Lembar tugas tersebut, kemudian dikumpulkan kembali pada akhir pekan oleh orang tua dan kemudian orang tua siswa mengambil tugas baru untuk minggu berikutnya.

"Untuk kelompok yang tempat tinggalnya berdekatan, pengumpulan dan pengambilan lembar tugas bisa diwakilkan oleh salah satu dari orang tua kelompok belajar masing masing. Selain anak-anak mengisi lembar tugas, mereka juga mengisi lembar aktivitas harian yang harus ditandatangani orang tuanya," jelasnya.

Masih kata Nani, tempat belajar pun diupayakan dilakukan di rumah orang tua peserta didik yang kondisinya nyaman dan memadai, dengan memperhatikan protokol kesehatan. Adapun guru di SDN Cibeas saat ini ada 6 orang dengan jumlah siswa 74 orang.

Dari catatan Nani, kunjungan terjauh guru dihitung dari jarak sekolah, ada yang mencapai lima kilometer, yakni ke Kampung Cisantri dan Cibutun.

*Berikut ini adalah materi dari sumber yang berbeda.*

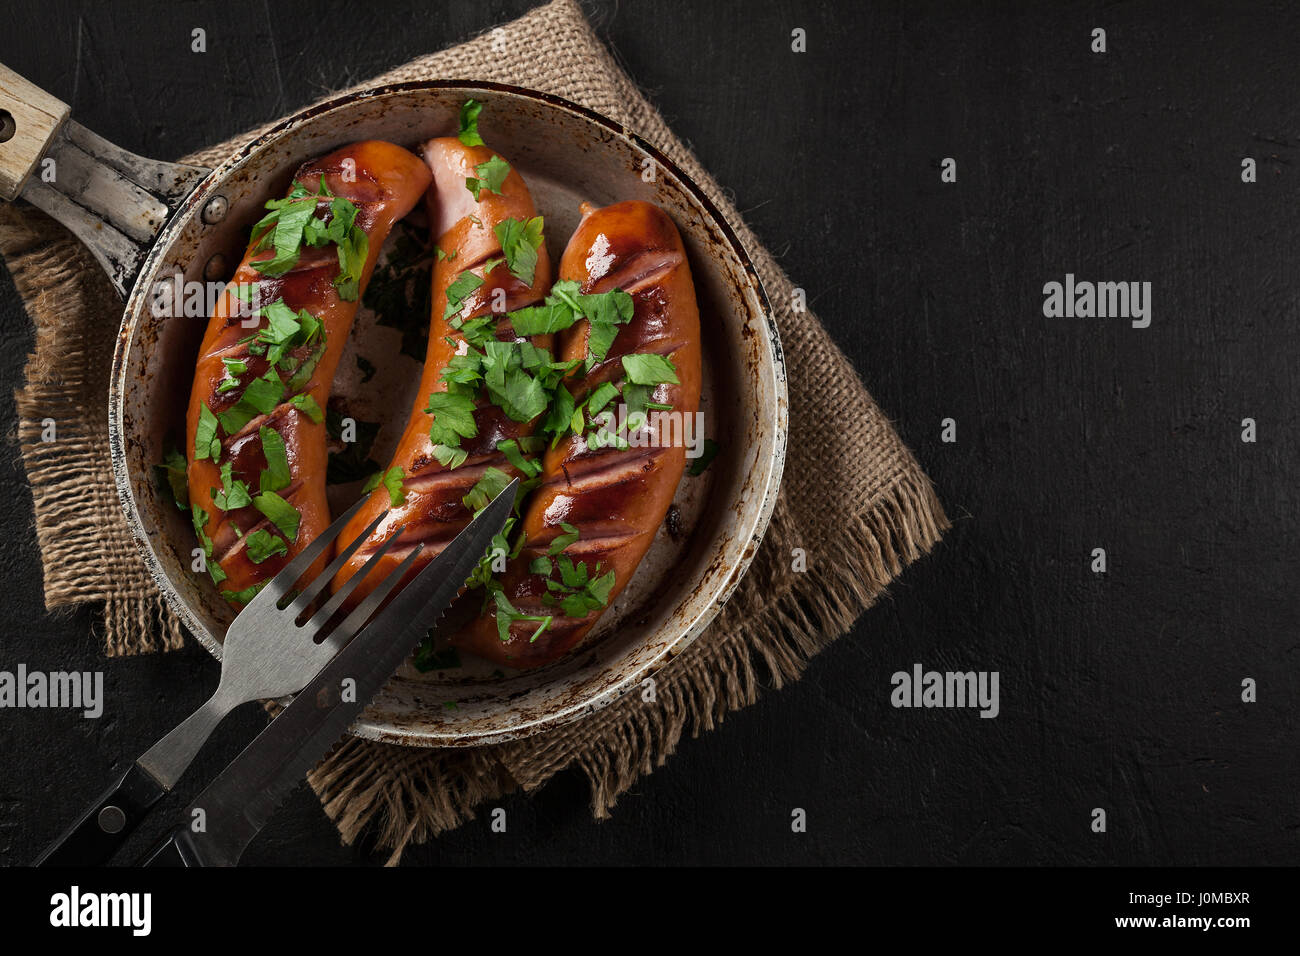 Fried sausage on an old pan on a black background Stock Photo

"Tentunya orang tua didik harus menjadi pendamping anak-anaknya selama belajar di rumah, saat anak mengerjakan tugas yang telah diberikan. Kita juga mengingatkan kepada orang tua saat melakukan pendampingan tidak boleh memarahi anaknya sebelum dan sesudah belajar," bebernya.

"Kegiatan guru kunjungan juga dilakukan seminggu sekali dan ada juga dilakukan dua minggu sekali ke tiap pokjar. Mengingat guru juga perlu dilindungi, jangan terlalu sering berinteraksi, takut terpapar ketika di perjalanan maupun di lokasi pokjar," katanya.